Même la très légère directive de l’UE sur la publication d’informations en matière de durabilité ne sera mise en consultation que mi-2024 ( !). Or, elle ne porte que sur l’obligation de faire des rapports et ne susciterait qu’une petite mise à jour du contre-projet actuel, déjà extrêmement faible.
La Suisse rate le coche
Au lieu d’agir pour que la Suisse puisse introduire une loi efficace sur la responsabilité des multinationales en même temps que l’UE, le Conseil fédéral repousse donc le sujet aux calendes grecques. Les propos de Rahel Ruch, directrice de la Coalition pour des multinationales responsables sont clairs : « Le Conseil fédéral refuse de se mettre au travail. Il est donc clair que le Parlement doit prendre les choses en main. Sans quoi, la Suisse sera encore pendant des années le seul pays d’Europe sans responsabilité des multinationales et pourra servir de refuge pour des multinationales aux pratiques douteuses ».

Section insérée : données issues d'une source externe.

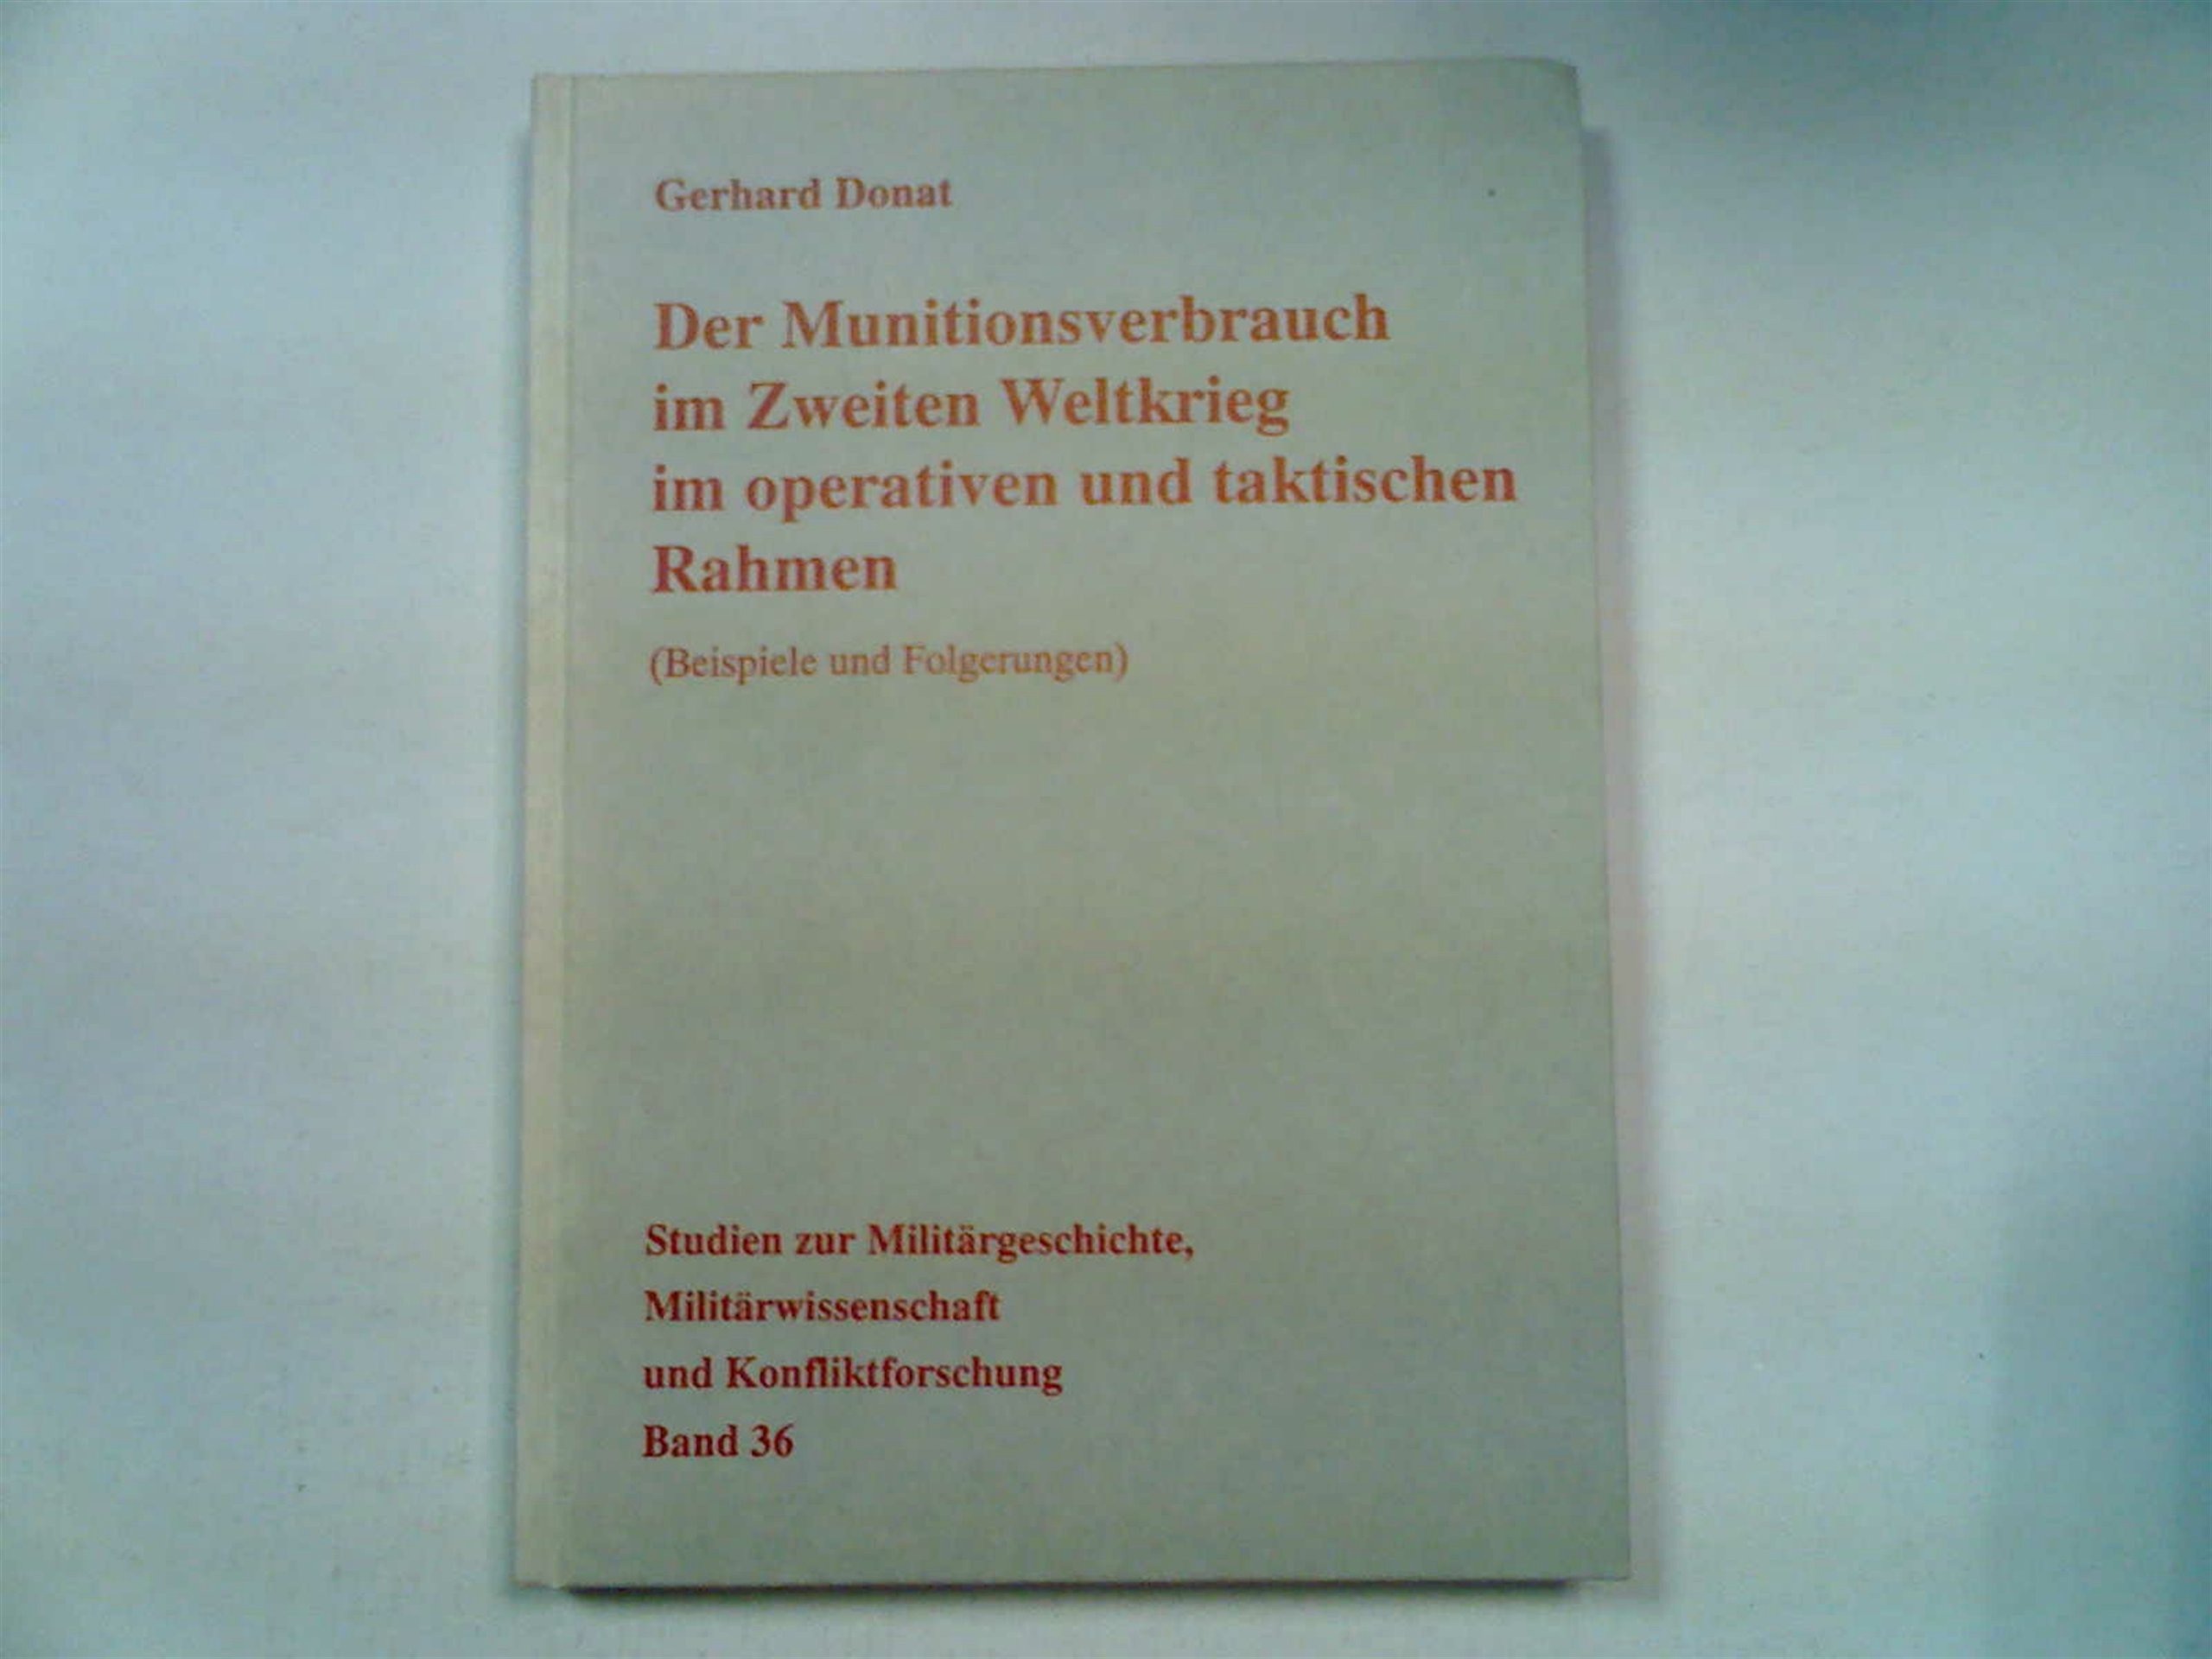 Der Munitionsverbrauch im Zweiten Weltkrieg im operativen und taktischen Rahmen: (Beispiele und Forderungen)

La décision d’aujourd’hui est extrêmement choquante, notamment au vu des cas de violations des droits humains et de destructions de l’environnement par des multinationales suisses récemment rendus publics. Fin septembre, les journaux de Tamedia ont par exemple révélé que l’UBS finançait des multinationales agroalimentaires brésiliennes impliquées dans la déforestation illégale. Le leader mondial du transport de conteneurs MSC fait démanteler ses navires dans des conditions catastrophiques sur des plages indiennes. Par ailleurs, de nouveaux documents révèlent par quels moyens peu scrupuleux Syngenta a dissimulé la dangerosité de son pesticide : le paraquat.
Conséquences de la Directive européenne pour les multinationales suisses
Le Conseil fédéral justifie également ses manœuvres dilatoires par le fait que la Suisse doit d’abord examiner précisément les conséquences de la loi européenne sur les multinationales suisses. En effet, les multinationales réalisant plus de 150 millions d’euros de chiffre d’affaires dans l’espace européen sont en principe concernées par le devoir de diligence prévu par la directive.

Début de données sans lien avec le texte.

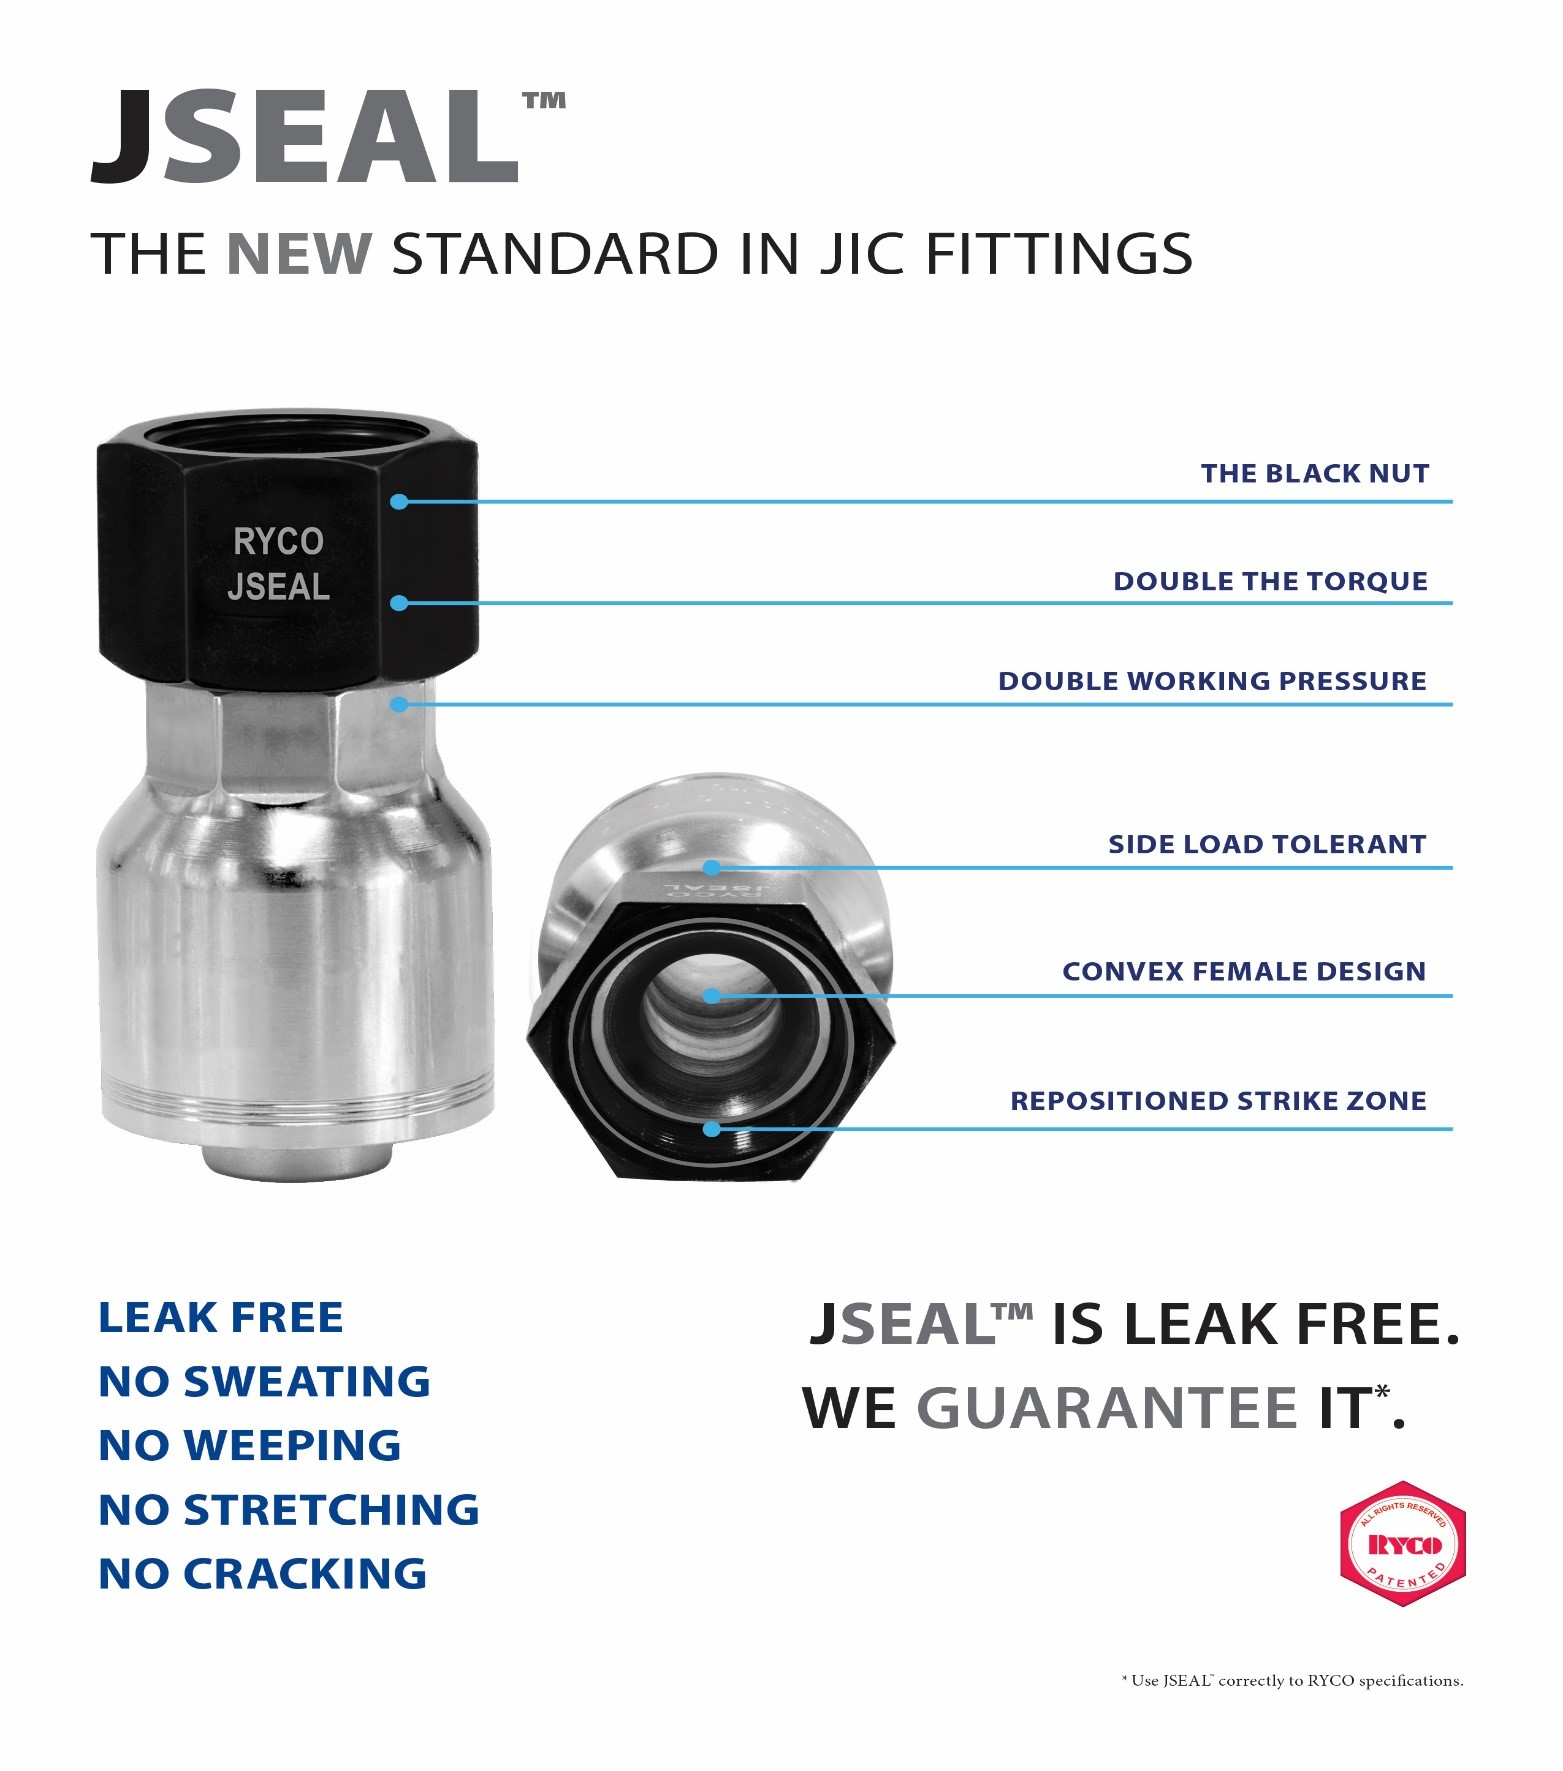 jseal

Il serait toutefois très dangereux d’en déduire qu’il n’est pas nécessaire d’agir en Suisse, comme le montre une analyse juridique portant sur l’impact de la directive européenne sur les multinationales basées dans des pays tiers : dans les faits, l’application des obligations prévues dans la directive serait pratiquement impossible sans une loi suisse spécifique. La responsabilité civile ne pourrait pas s’appliquer, car l’UE ne dispose d’aucun tribunal compétent pour les multinationales implantées en Suisse. Par ailleurs, il sera difficile pour une autorité de surveillance d’un pays européen d’intervenir auprès de multinationales comme Glencore, faute de convention en matière d’exécution avec des États tiers comme la Suisse.
Il est donc évident que les multinationales de matières premières qui posent problème ne respecteront pas ces nouvelles règles, si celles-ci ne peuvent pas être appliquées.